Alternatively, if you created your repository on a remote server:

$ svn checkout svn+ssh://remote.server.name/home/myusername/svnroot/project1/trunk ~/working/project1

Because the repository is empty at this stage, all the above commands do is create a .svn folder in the ~/working/project1 directory. The following command will show that there are folders and files in the project directory that are not currently part of the repository:

$ svn st
?      somefolder
?      someotherfolder
?      somefile.txt

Now you need to add all of the files and folders in this directory to the repository.

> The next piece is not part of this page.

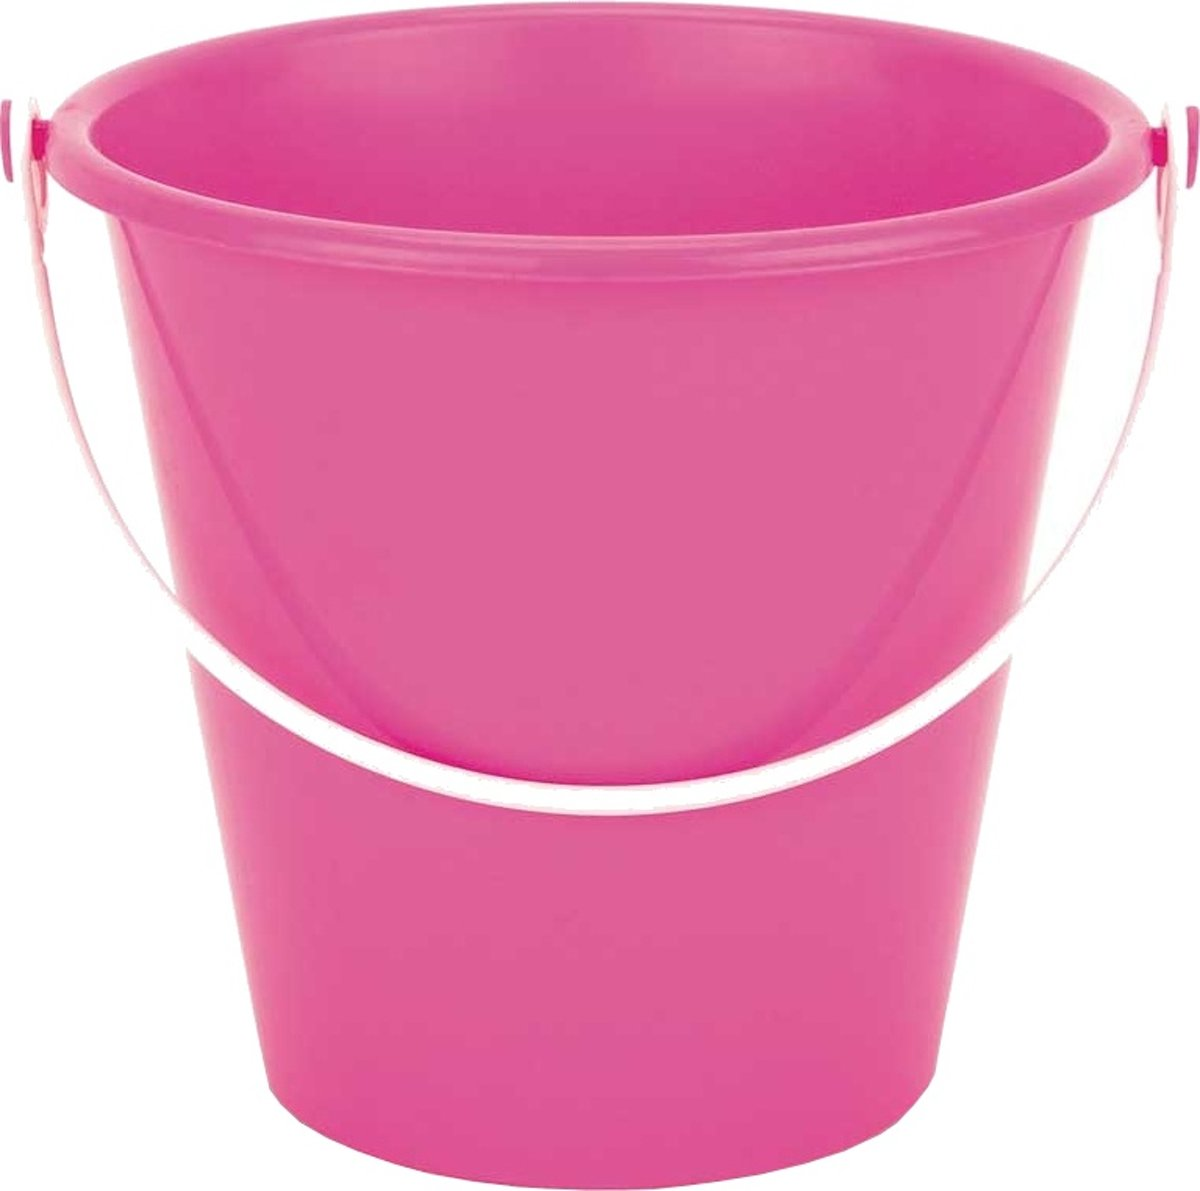 Yello Emmer Roze 19 X 18 Cm kopen

This is easily accomplished using a bit of awk code (modified from a post here):

$ svn status | grep "^\?" | awk -F "      " '{print $2}' | tr "\n" "\0" | xargs -0 svn add
$ svn st
A      somefolder
A      somefolder/file1.txt
A      somefolder/file2.txt
A      someotherfolder
A      someotherfolder/file3.txt
A      somefile.txt

Now you just need to commit these changes and your working directory is up to date:

$ svn commit -m "Adding original files to repository."

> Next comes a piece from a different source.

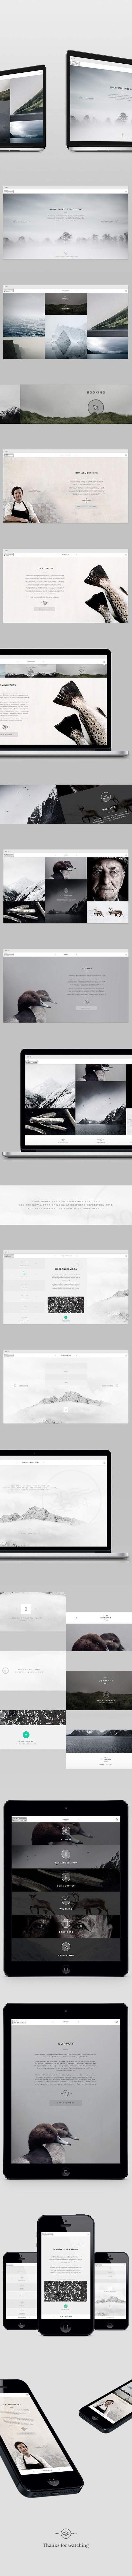 (1) Pin de dub__b__u en Web / Interaction | Pinterest

5) When you are ready to commit new changes to the repository, make sure that all new files/folders are added and all deleted files/folders are removed:

$ svn status | grep "^\?" | awk -F "      " '{print $2}' | tr "\n" "\0" | xargs -0 svn add
$ svn status | grep "^\!" | awk -F "      " '{print $2}' | tr "\n" "\0" | xargs -0 svn remove
$ svn commit -m "Some comment to remind you why you are committing changes..."

6) Finally, if for some reason you want to remove a working directory from versioning (i.e., get rid of the .svn folders that are placed in every folder subfolder), use the following:

$ cd ~/working/project1
$ rm -rf 'find . -name .svn'

Update: If your svn repository changes to a new server name, use the following syntax to update your working directory:

$ cd ~/working/project1
$svn info
[the current URL and other info are printed to the screen]
$svn switch --relocate svn+ssh://OLD.URL/path/to/svnrepo svn+ssh://NEW.URL/path/to/svnrepo .
$svn commit -m "new update"

Note: If you mis-type the old URL, "svn switch" will fail silently. So make sure to check that it has updated by using the "svn info" command.